Your objective:
Keep the images out while you retype all of the data exactly.

Supplied data:
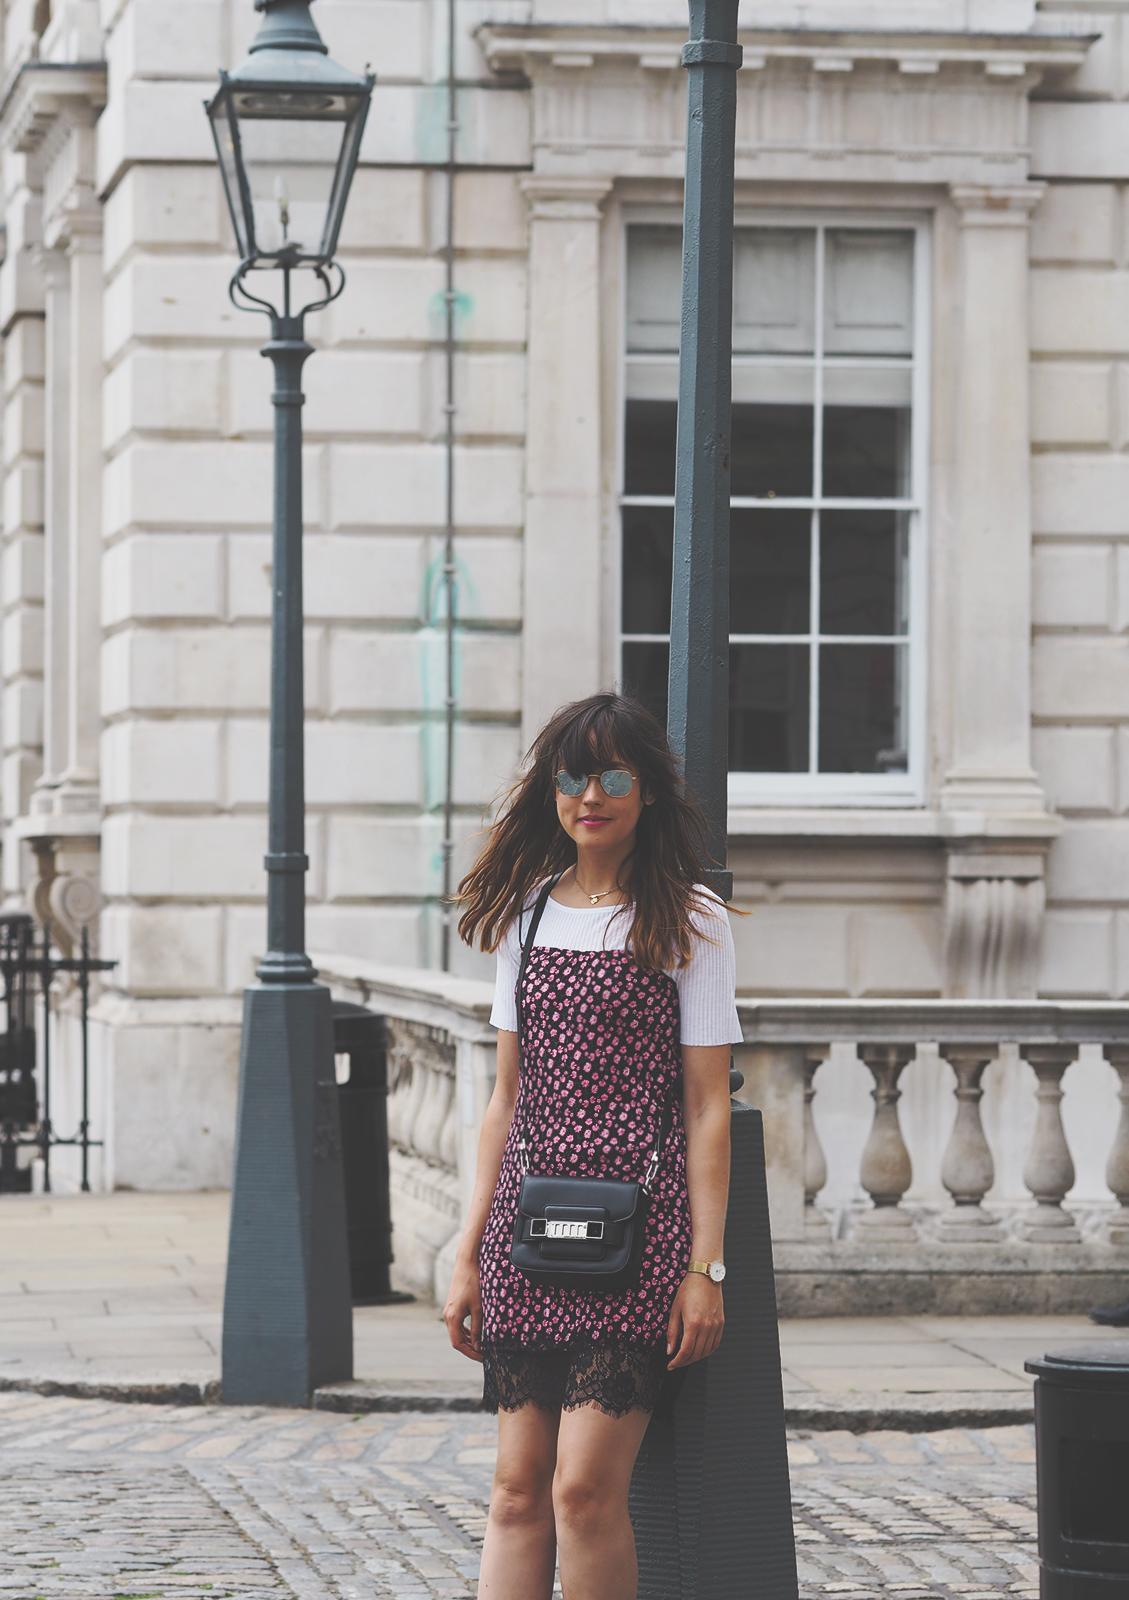 topshop-floral-dress-converse-shoes-proenza-schouler-ps-11-bag-summer-outfit-4
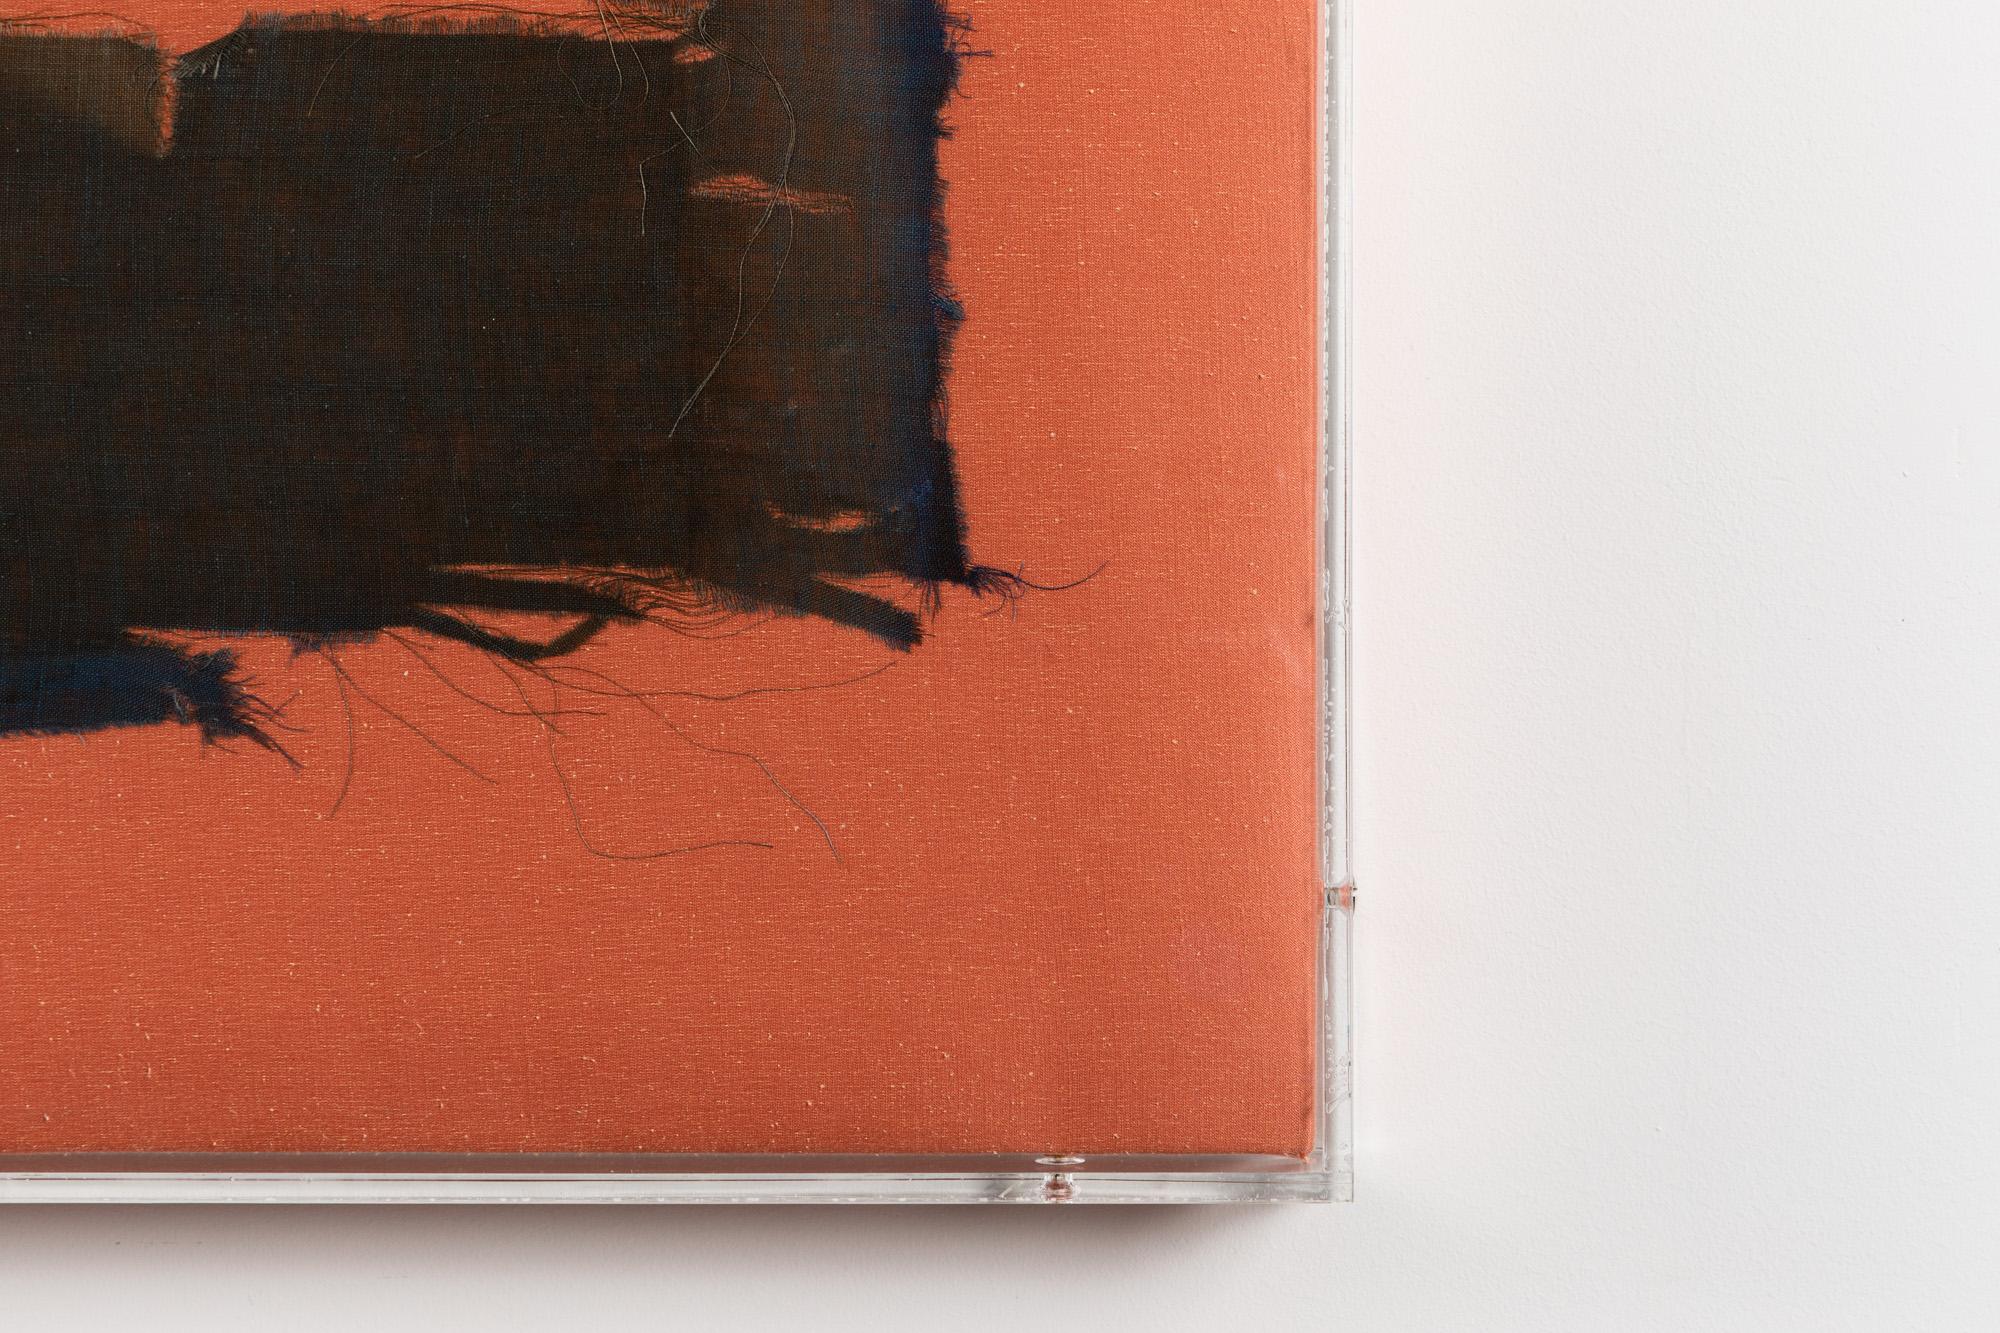 Minimal Information Peach Piano, 2020. Textiles in artist's frame (plexiglass, wood and aluminum), 110 x 146,5 x 5 cm. Detail
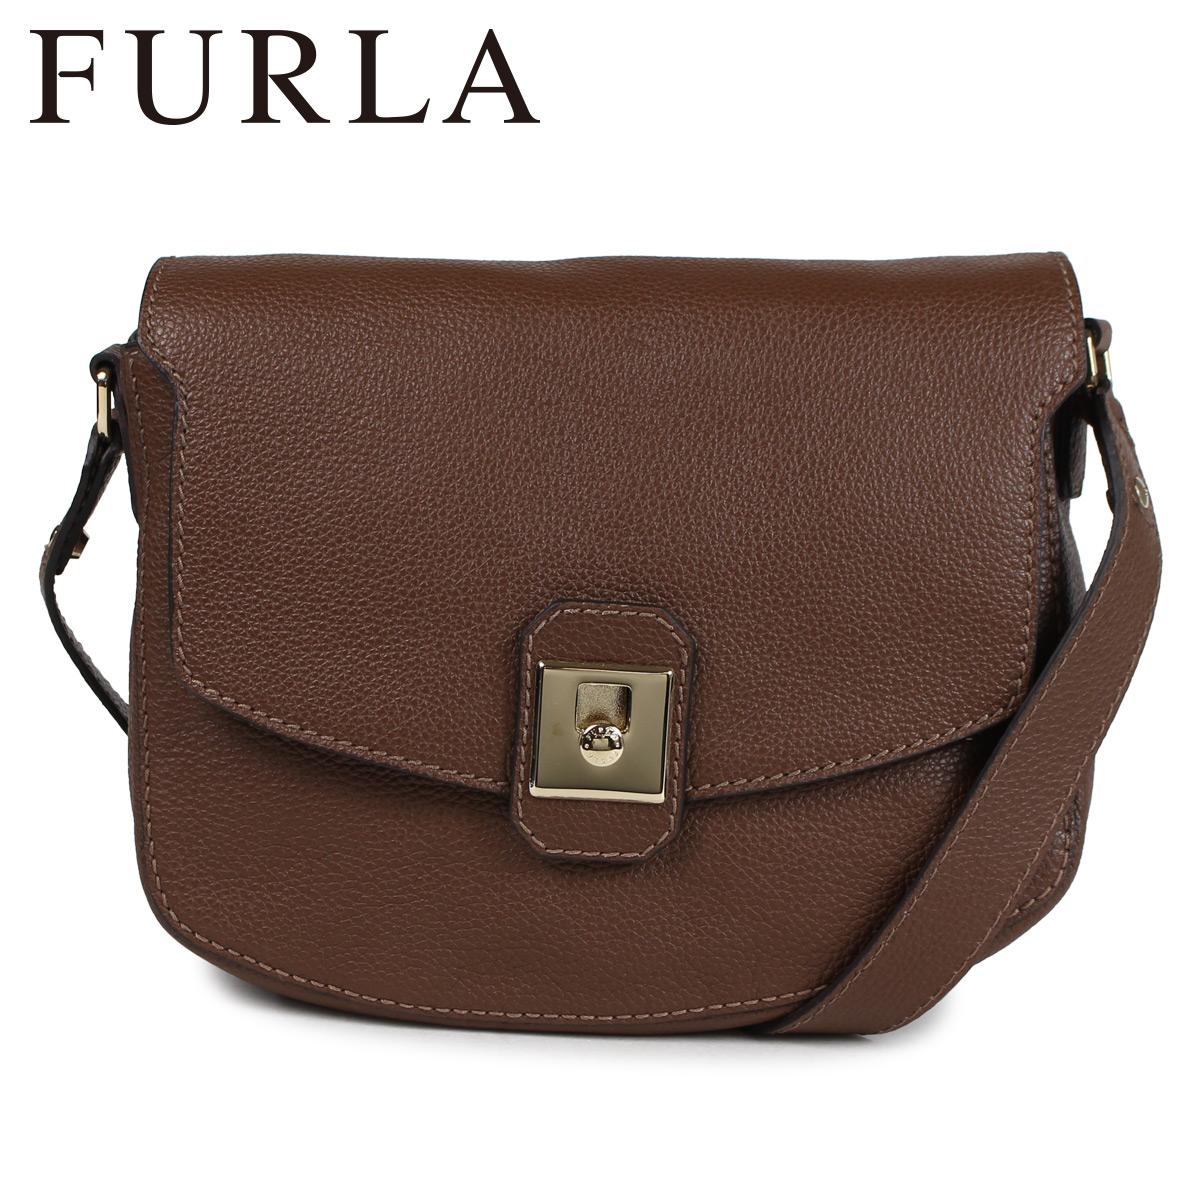 FURLA フルラ バッグ ショルダーバッグ レディース JO MINI SHOULDER BAG ブラウン 890822
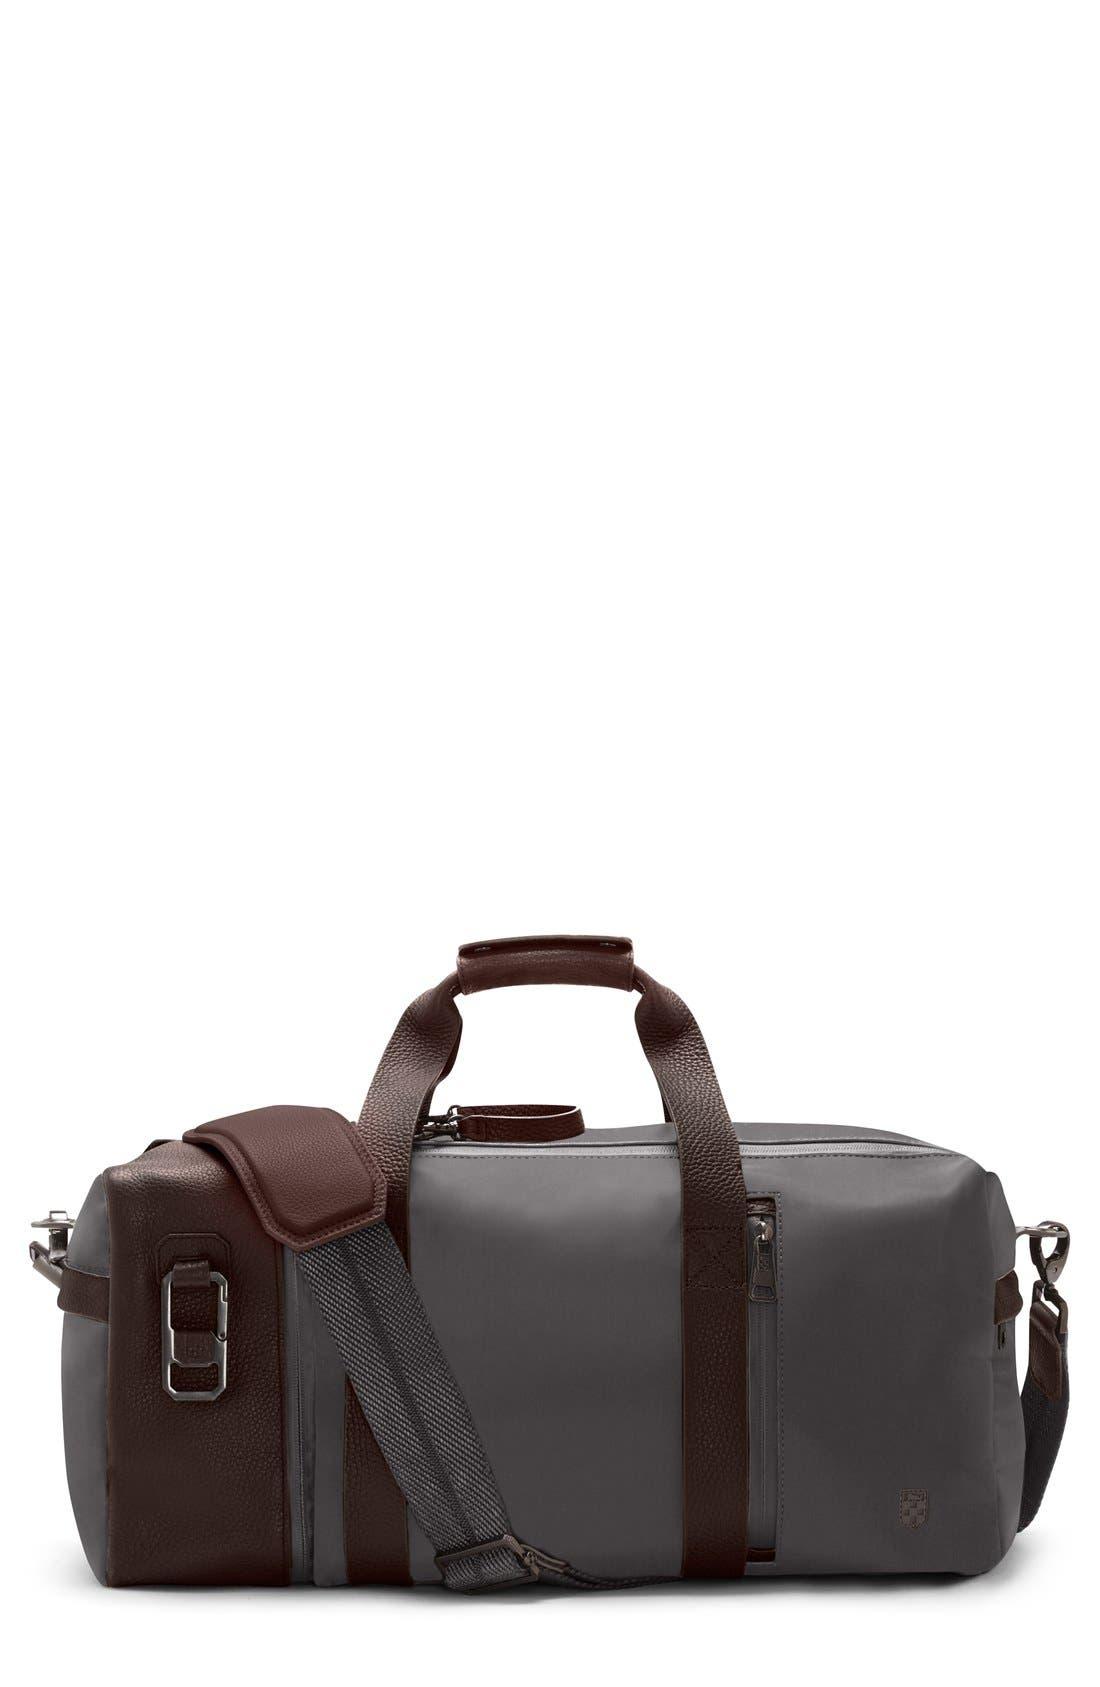 'Mestr' Duffel Bag,                             Main thumbnail 1, color,                             021

Response to the task:
 topshop-floral-dress-converse-shoes-proenza-schouler-ps-11-bag-summer-outfit-4
 Minimal Information Peach Piano, 2020. Textiles in artist's frame (plexiglass, wood and aluminum), 110 x 146,5 x 5 cm. Detail
 FURLA フルラ バッグ ショルダーバッグ レディース JO MINI SHOULDER BAG ブラウン 890822
 'Mestr' Duffel Bag,                             Main thumbnail 1, color,                             021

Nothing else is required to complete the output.